> [DIRECTIONS] Look below for the line that contains "KINGCOME SHERWOOD SOFA, light", then copy it and each following line exactly, through and including the line that contains "AREBOS Fernbedienung |".

> [LISTED RECORDS]
▽
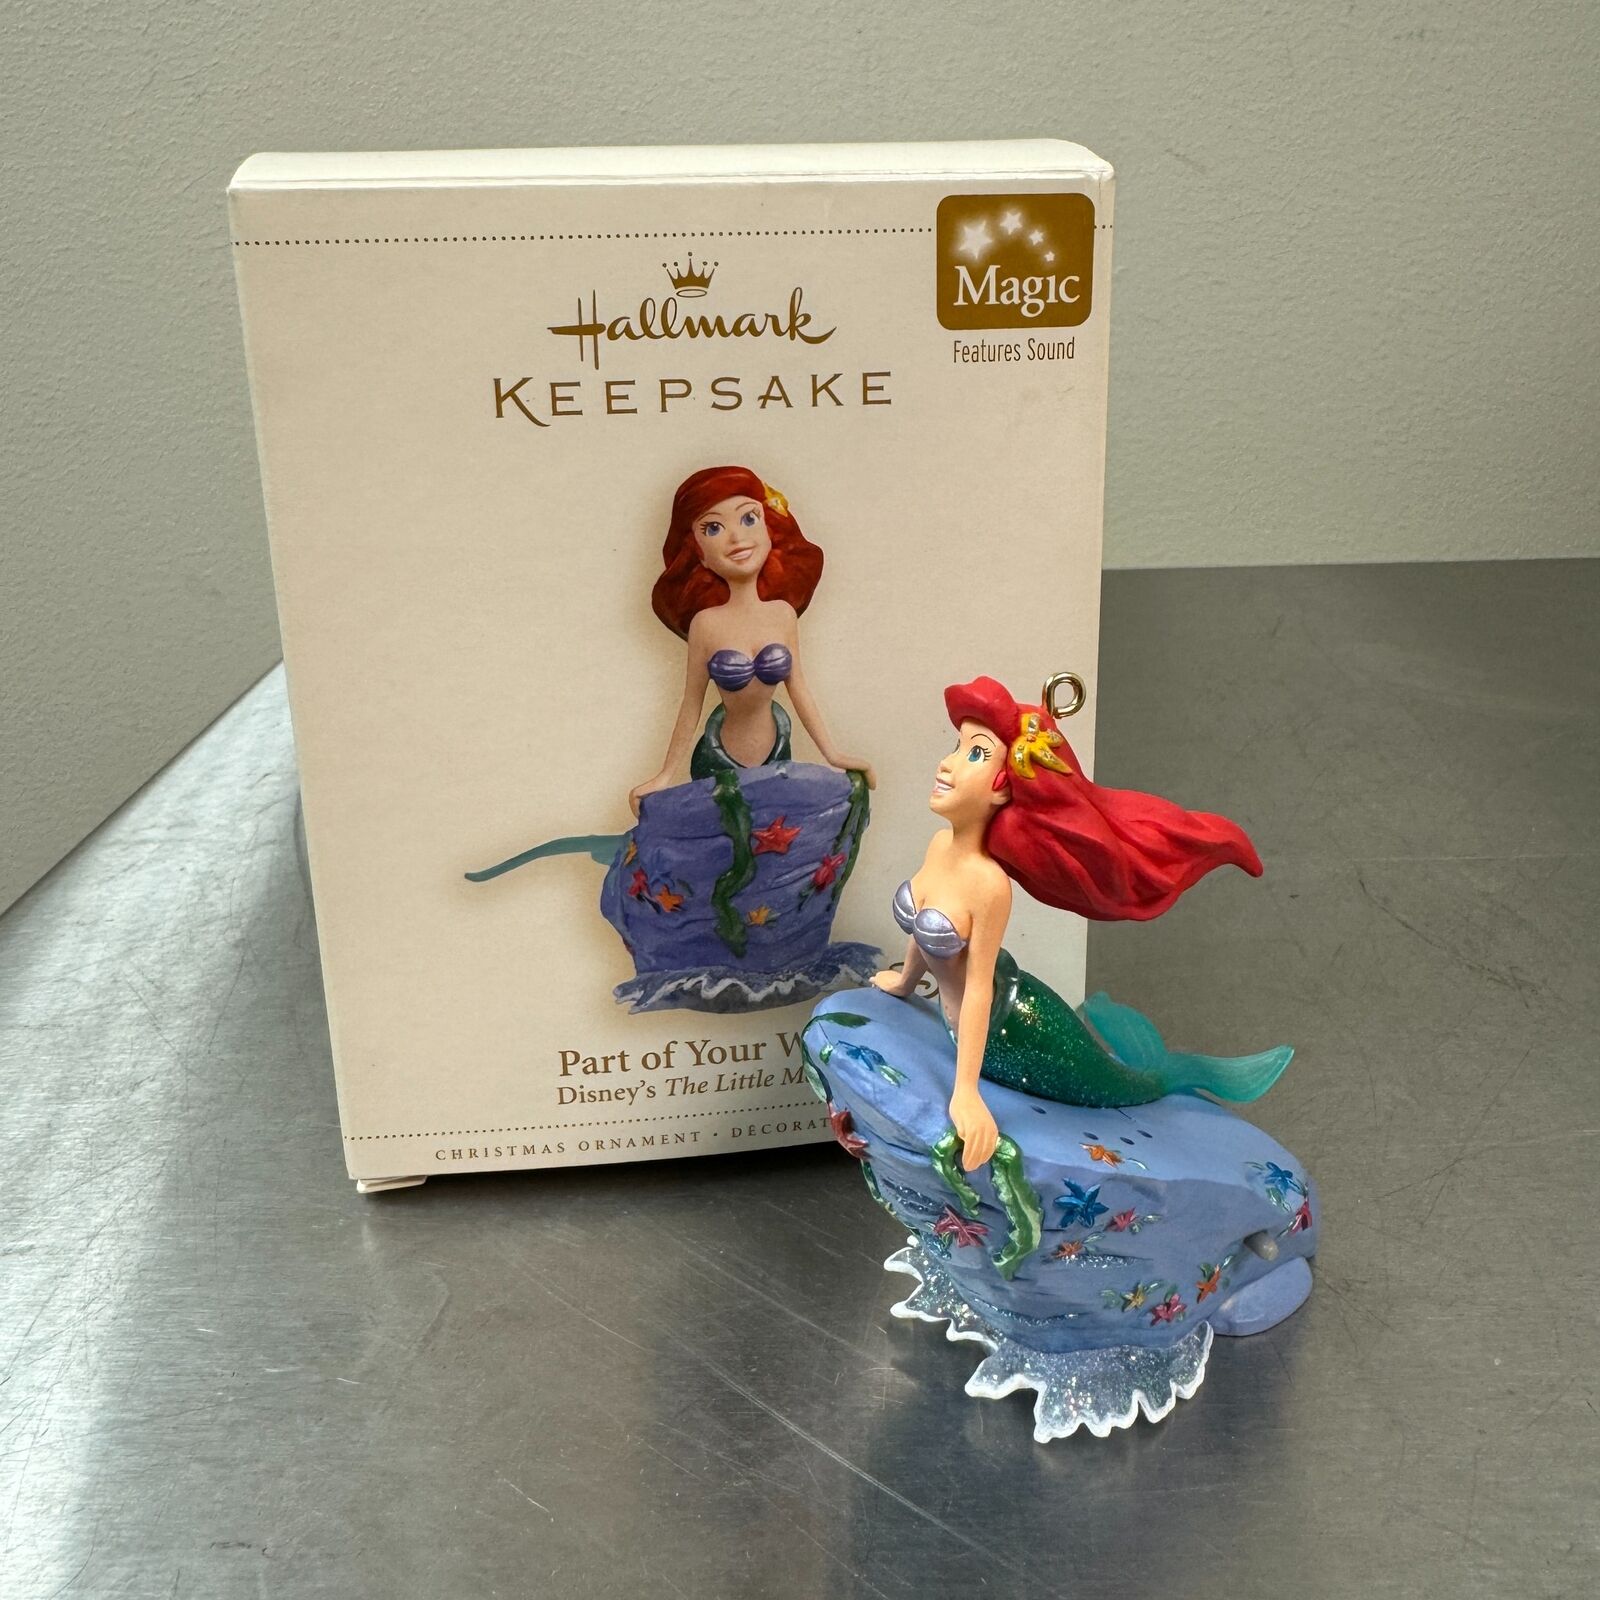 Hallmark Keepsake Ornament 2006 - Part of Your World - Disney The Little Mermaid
△
▽
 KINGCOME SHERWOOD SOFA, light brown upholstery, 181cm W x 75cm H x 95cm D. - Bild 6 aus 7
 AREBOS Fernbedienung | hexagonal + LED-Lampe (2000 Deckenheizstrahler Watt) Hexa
△
▽
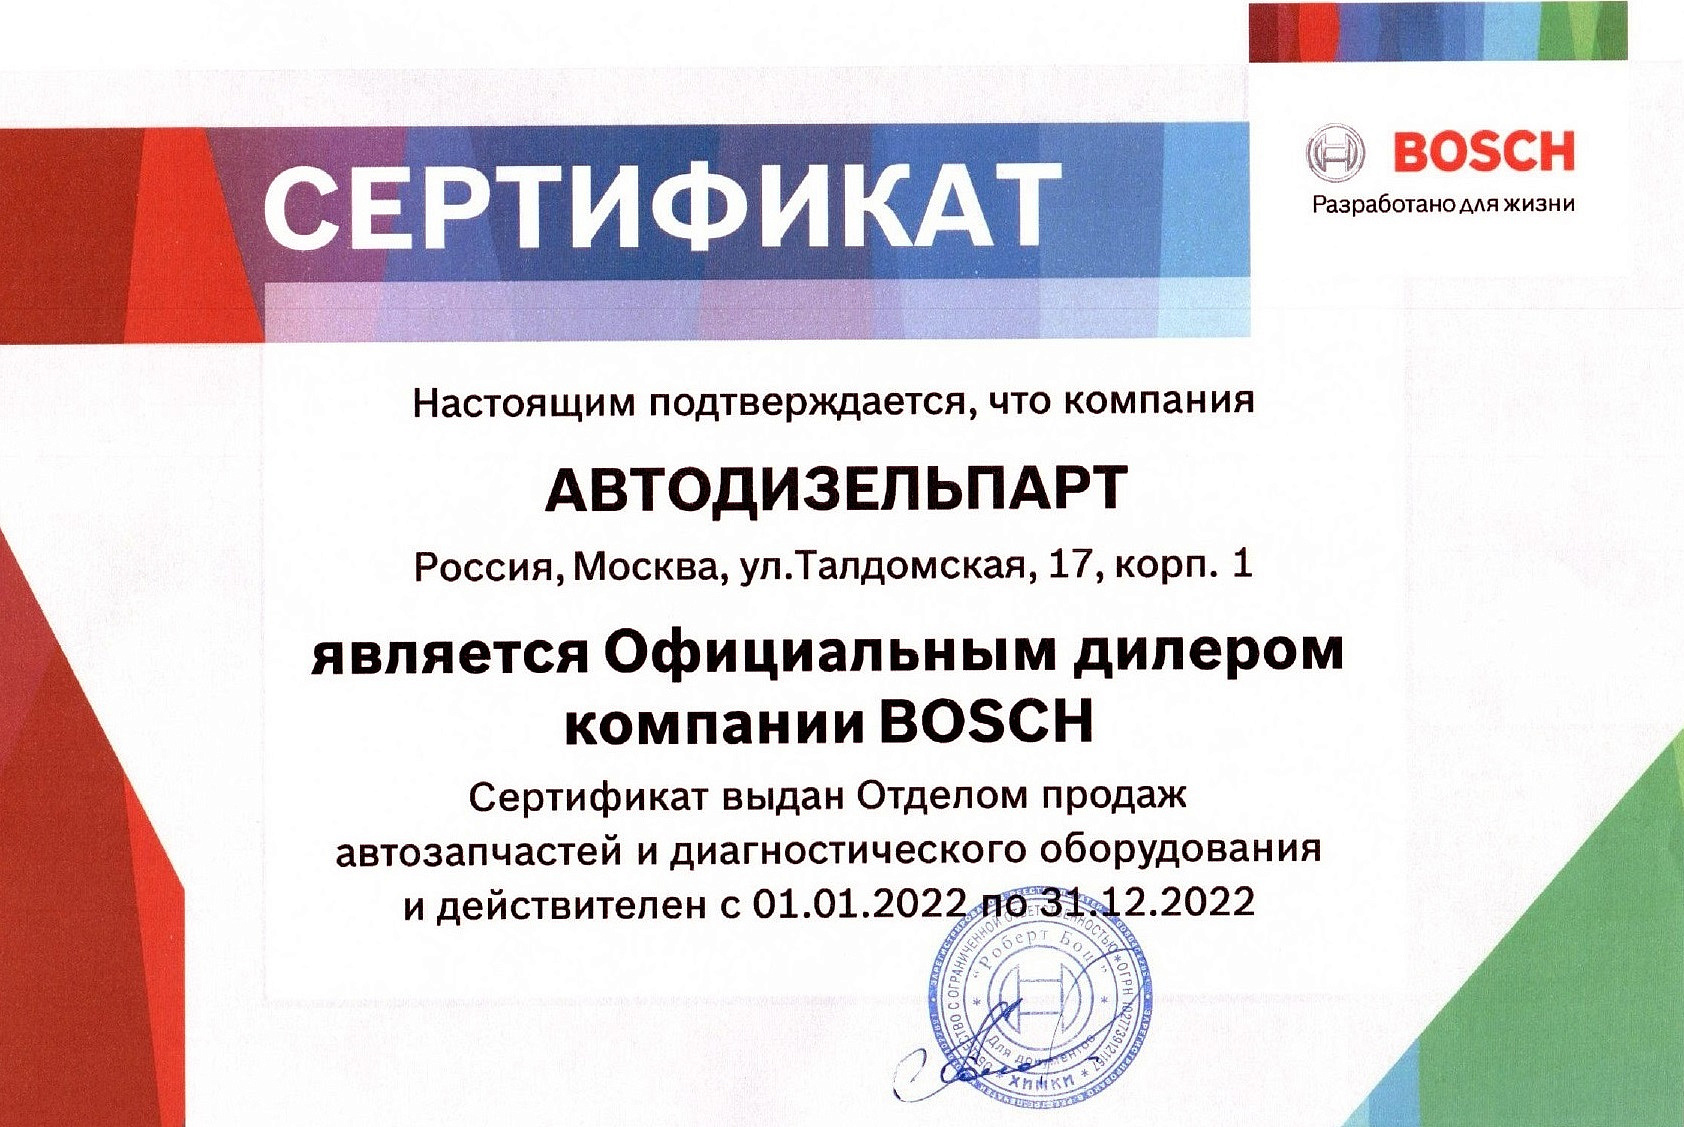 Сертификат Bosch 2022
△
> [RESPONSE TO THE TASK]
 KINGCOME SHERWOOD SOFA, light brown upholstery, 181cm W x 75cm H x 95cm D. - Bild 6 aus 7
 AREBOS Fernbedienung | hexagonal + LED-Lampe (2000 Deckenheizstrahler Watt) Hexa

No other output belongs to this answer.